It's Up To House After Senate Approves Bailout
Washington, DC, Oct. 2, 2008--The Senate, after adding tax breaks and other provisions to attract skeptical lawmakers, voted 74-25 last night to resurrect President Bush's $700 billion financial aid package for Wall Street.
Still, it remains to be seen whether the House will approve the larger package.
The vote came two days after the House rejected a similar bill, a move that triggered a record one-day plunge on Wall Street and upset world financial markets. Senate leaders from both parties pushed hard to craft the bill that Bush said he needed to avert an economic meltdown, hoping the incentives will change the minds of House members who voted no: fiscally conservative Republicans and liberal Democrats.

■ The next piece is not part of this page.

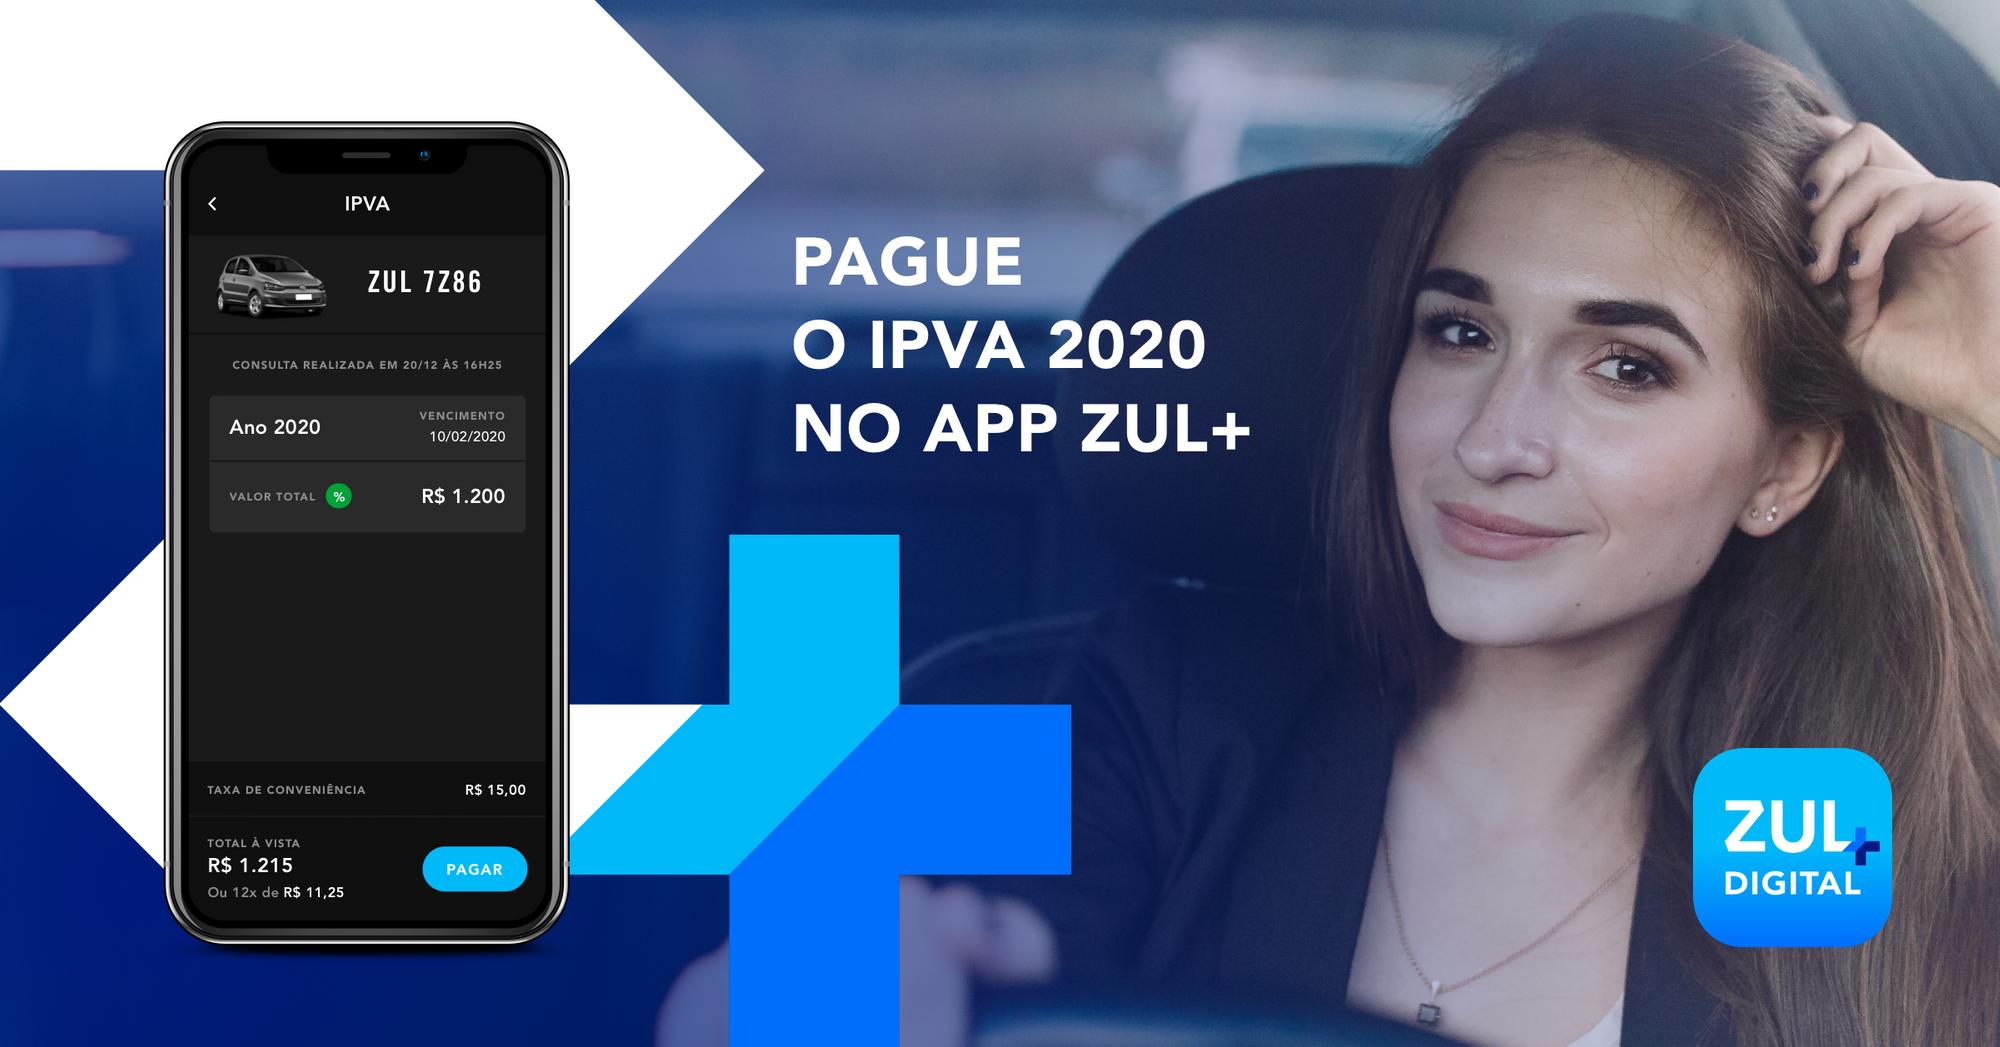 Pague o IPVA com Zul+

"An end to the crisis is now in sight," declared Senate Majority Leader Harry Reid, a Nevada Democrat, after the vote.
"This is not a piece of legislation for lower Manhattan. It's a piece of legislation for all Americans," Reid said. US taxpayers "have a right to be frustrated with the economic crisis we face, and we share that with them. But inaction is not an option . . . It is my expectation the House of Representatives will follow suit."
But most congressional leaders, involved in their own series of intense negotiations, said it was impossible to predict what will happen Friday, when the House is expected to vote on the measure.
House Financial Services Committee chairman Barney Frank of Massachusetts, who has played a major role in negotiations about the bill, said he believed the Senate additions to the bill, including business and middle-class tax breaks, could convince some recalcitrant colleagues to vote yes. But some representatives, he said, could be swayed by their constituents' reaction to the stock market's plunge Monday, which damaged the economy and drained value from retirement accounts.
"People who are engaged in the economy are saying, `My God, you have to do this,' " he said.
House Minority Leader John Boehner of Ohio, the top Republican in the House, said yesterday he was "optimistic that we will have the votes to pass this" but added after Monday's stunning defeat of the measure "I am not taking anything for granted."